Work item — The pictures are to be left out, and all remaining data is to be transcribed exactly as it appears.

:: Available data ::

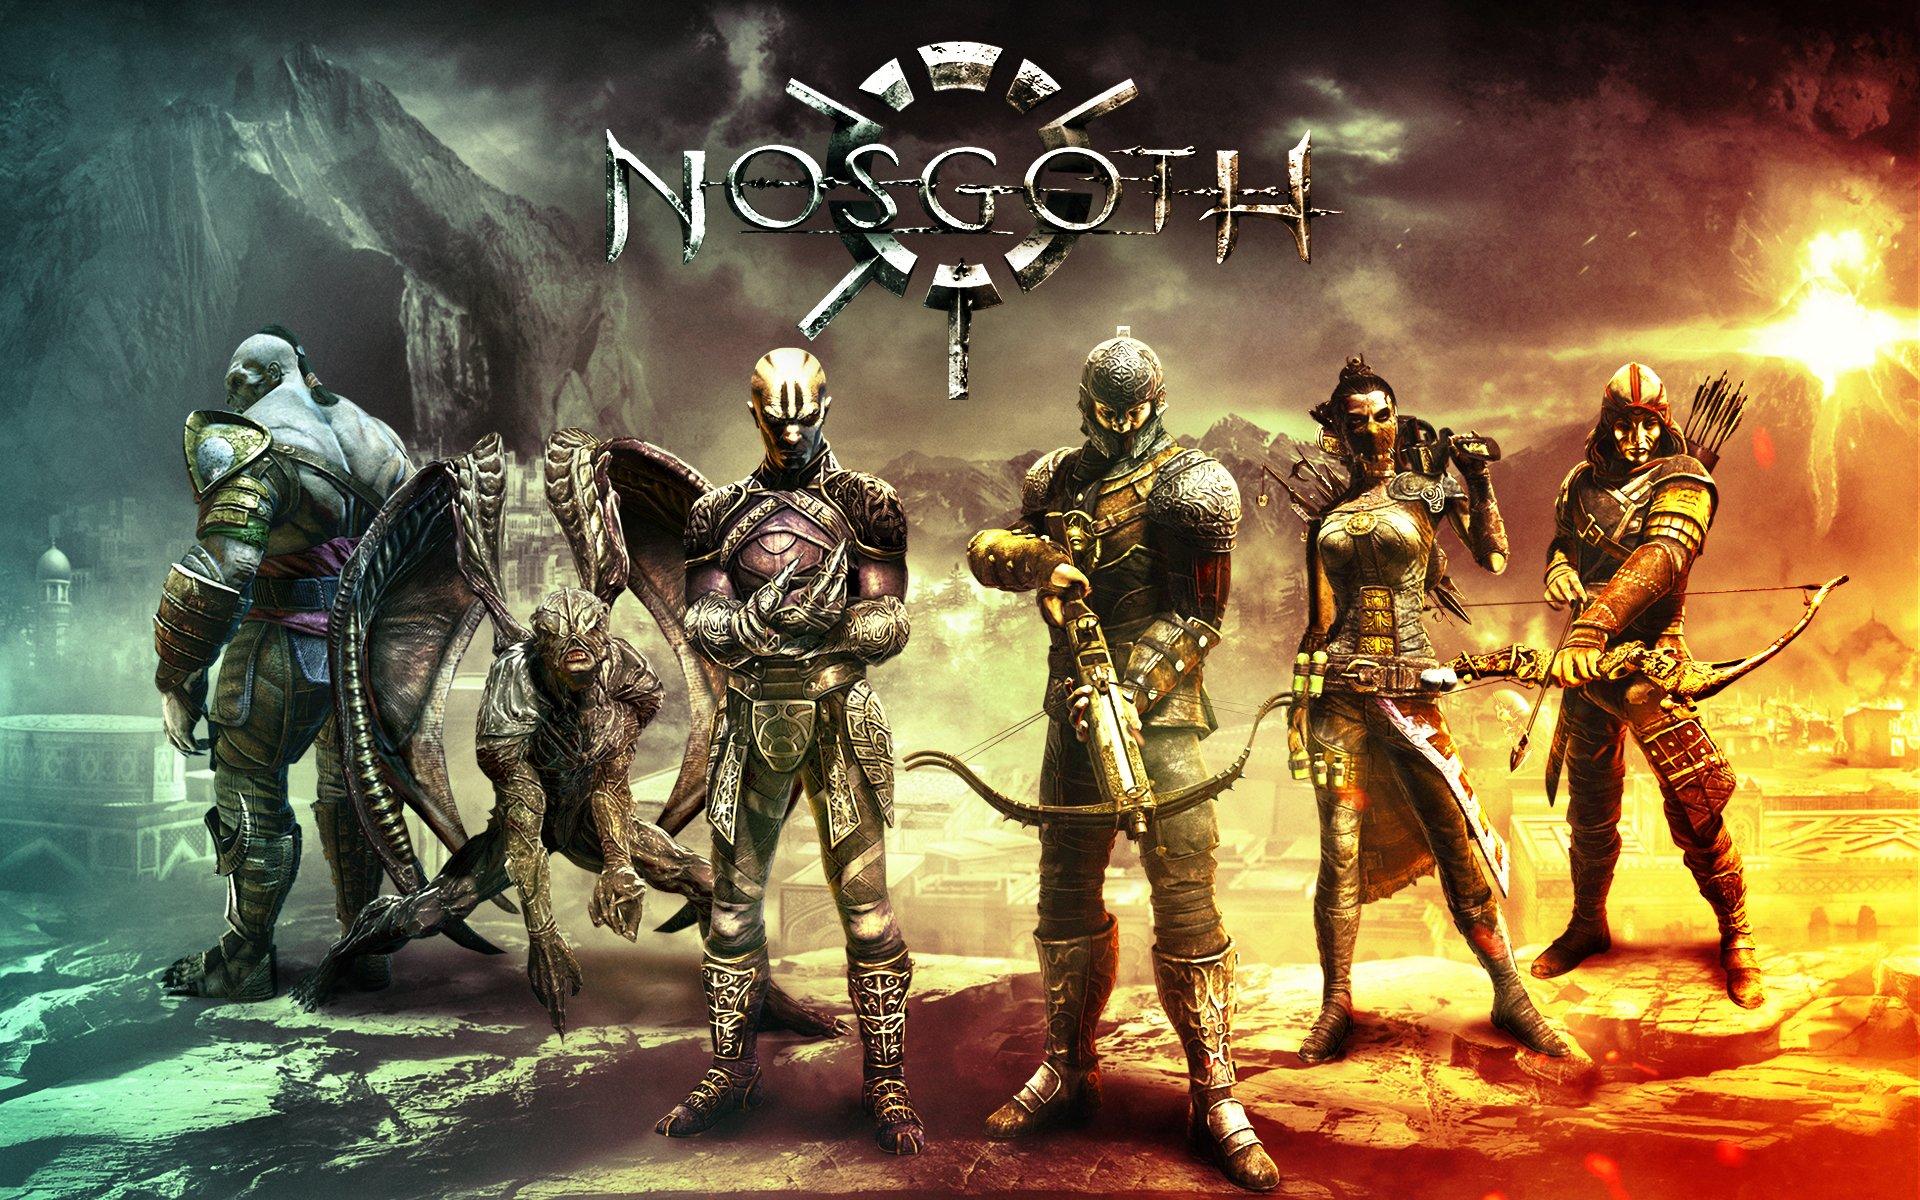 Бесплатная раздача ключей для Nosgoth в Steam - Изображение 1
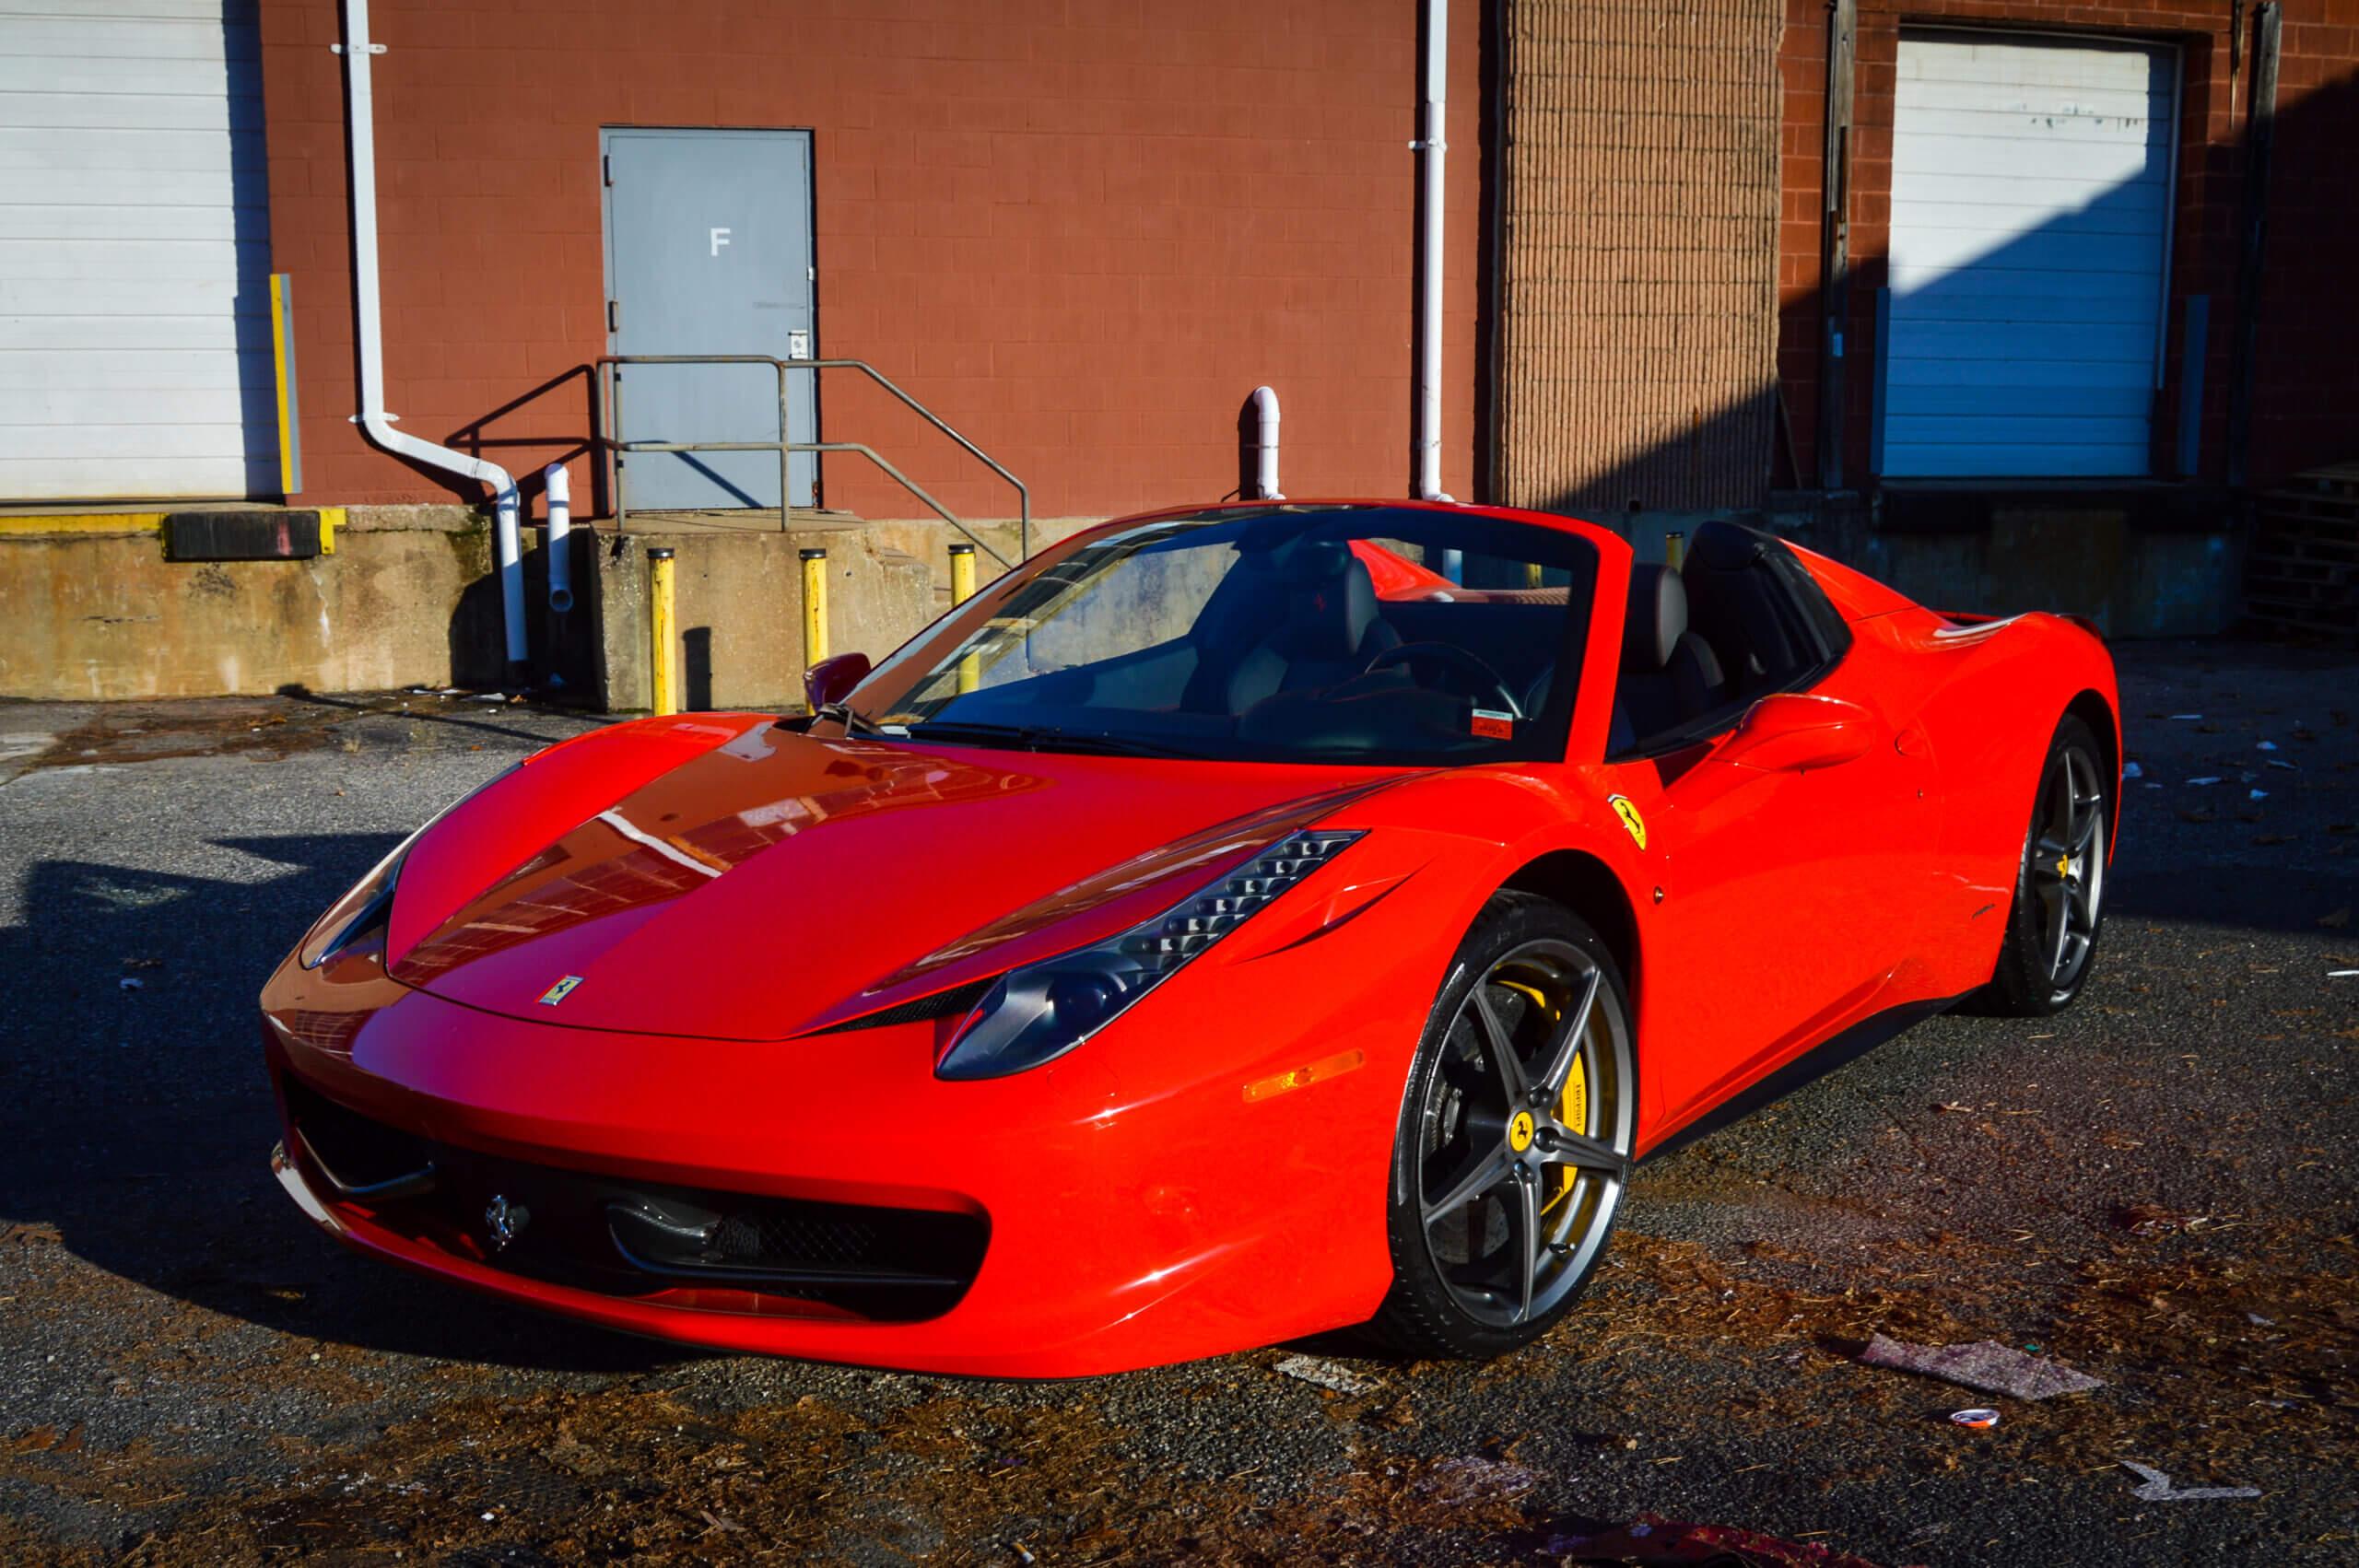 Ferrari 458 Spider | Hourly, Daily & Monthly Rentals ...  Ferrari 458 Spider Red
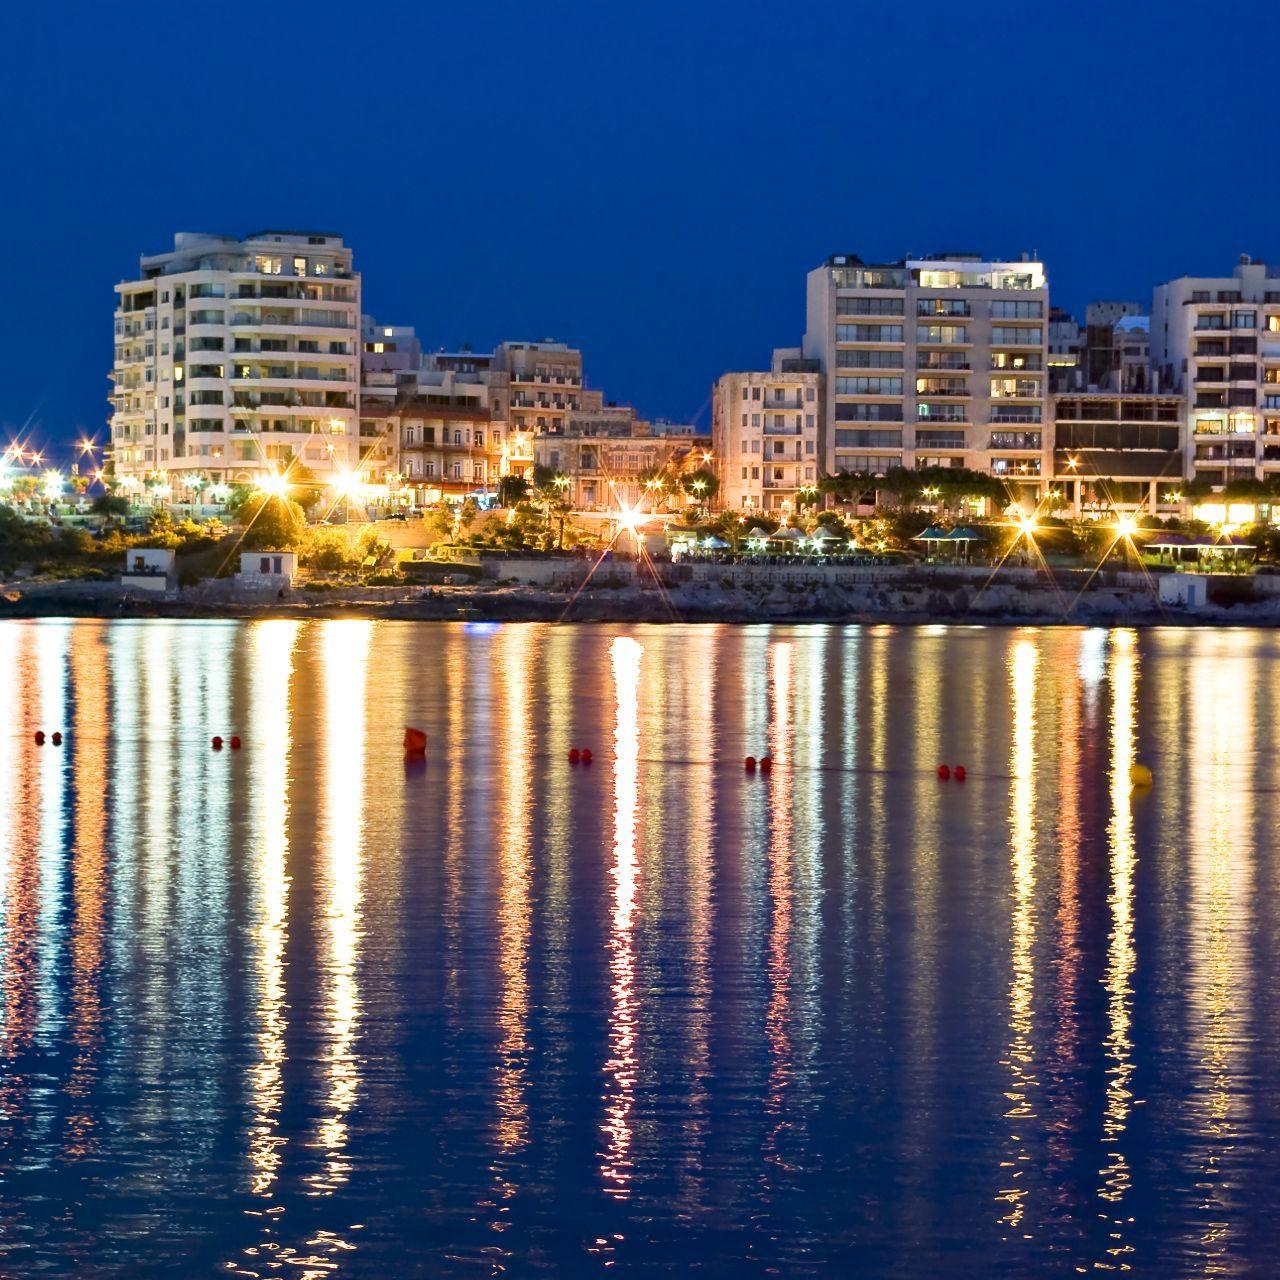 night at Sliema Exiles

:::

Solution —
 Бесплатная раздача ключей для Nosgoth в Steam - Изображение 1
 Ferrari 458 Spider | Hourly, Daily & Monthly Rentals ...  Ferrari 458 Spider Red
 night at Sliema Exiles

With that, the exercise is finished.